It was 81 days ago that Kamal Hussain Mondal, a 32-year-old brick factory worker from a remote village in West Bengal, took his own life. He had been a carefree man and attentive father to his two young sons, and was known throughout Soladana village for his devotion to his wife Khayrun Nahar Bibi. The pair had been married for 13 years but she spoke of their “puppy love”. He would feed her with his hands at mealtimes and on Sundays he would take her out on the back of his bicycle, telling others he loved simply riding through the fields together and chatting.
“He promised he would look after us for ever,” says Bibi. “But after he heard about NRC, everything changed and he fell into a deep despair. He told me: all Muslims are going to be driven from India now. They will lock us up or just kill us. Just wait and see.”

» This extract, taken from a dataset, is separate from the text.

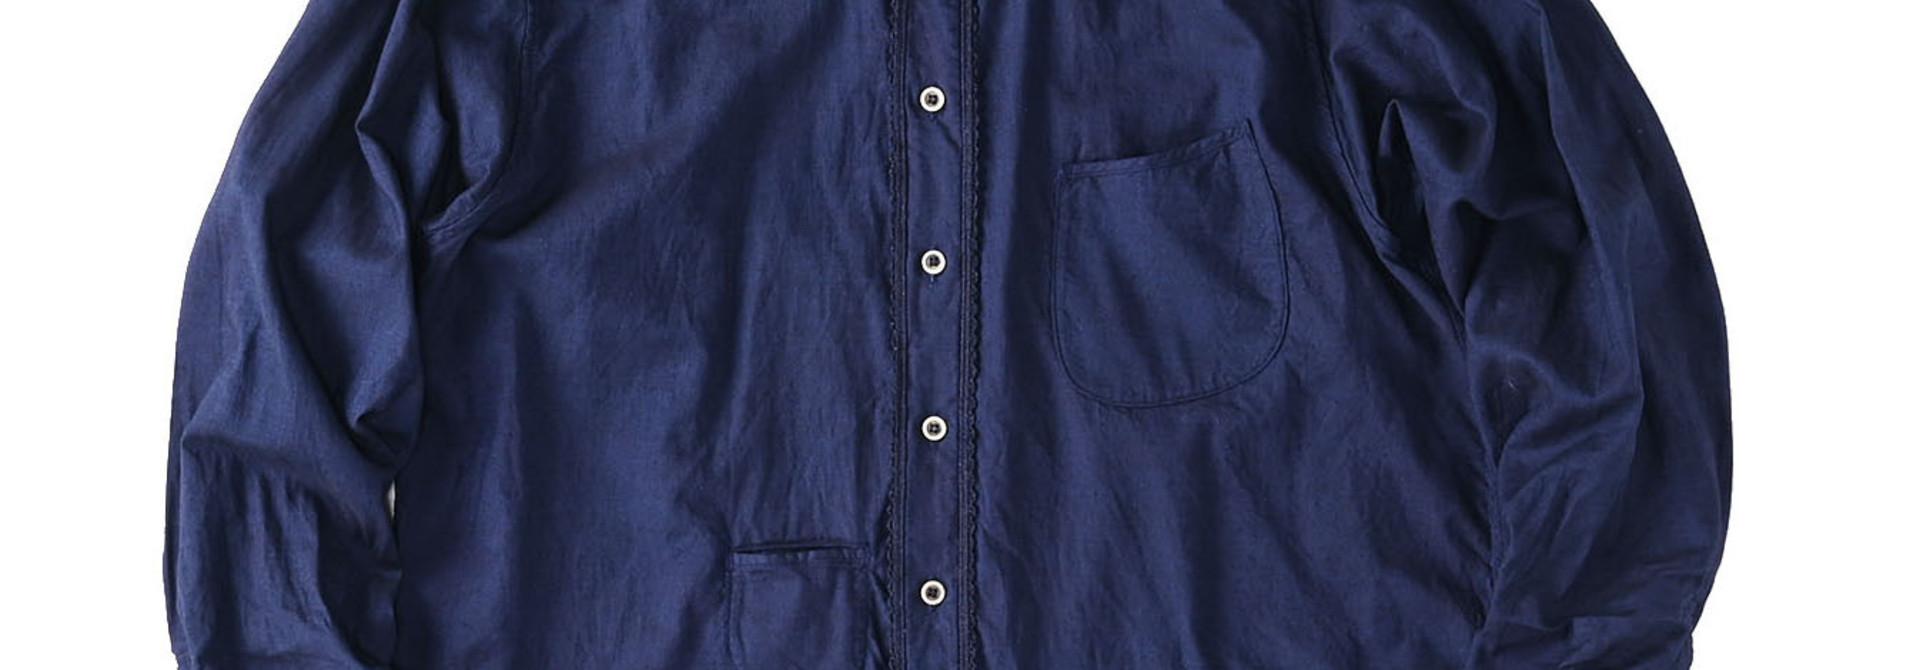 Indigo Thin Oxford 908 Ocean Lace Shirt (0621)

In mid-September, news that the government planned to carry out a National Register of Citizens (NRC) across India, to be implemented first in West Bengal, began to spread in this tiny village. The proposed exercise will mean that every person in the country will have to prove they or their ancestors are citizens of India, rather than “infiltrators” from Bangladesh or Pakistan, and they will have to have the documentary evidence to back up their claim. According to the government, those who can not prove it will be sent to detention centres and face deportation.
The BJP government insists that this vast bureaucratic endeavour is merely a long-overdue bid to count and identify citizens in India and to tackle illegal immigration. However the overwhelming fear among Muslims is that there is a far more sinister communal motive behind the exercise. The BJP openly subscribe to a Hindu nationalist agenda, aiming to establish the world’s largest democracy as a Hindu rather than secular state as enshrined in the constitution. The party’s past five years in power has seen the nation become divided down communal lines, with anti-Muslim hatred stirred up in the process. Since September, as several BJP politicians publicly vowed that “no Hindu will have to leave India because of NRC”, the Muslim community of West Bengal and beyond has grown increasingly worried that the NRC exercise seemed only to target them.
According to multiple accounts heard by the Guardian, over the past two months in villages across West Bengal, the RSS – the Hindu nationalist organisation that spawned the BJP – has also been conducting a covert campaign using its grassroots networks to reassure all Hindu households that they have nothing to worry about with the NRC, even if they have no supporting documents.
This week, the worst fears of the Muslim community were confirmed. A citizenship amendment bill (CAB), which was passed easily by the parliament lower house on Monday and by the upper house at midnight on Wednesday, granted citizenship to migrants from Pakistan, Bangladesh and Afghanistan – but not if they are Muslim.
The implications of this amendment are enormous. Should the NRC be carried out, it means that only Muslims found without the correct documents will face the threat of being declared an illegal alien. Hindus, Sikhs and Jains are protected.
“This amendment undermines the entire secular foundations of India, it violates the constitution which states that no one can be discriminated against on the basis of identity and it threatens the very basis of Indian democracy,” says Kanhaiya Kumar, a student activist leading the charge against the NRC. ‘But most of all it sews communal poison and hatred by writing into law that Muslims are second-class citizens.”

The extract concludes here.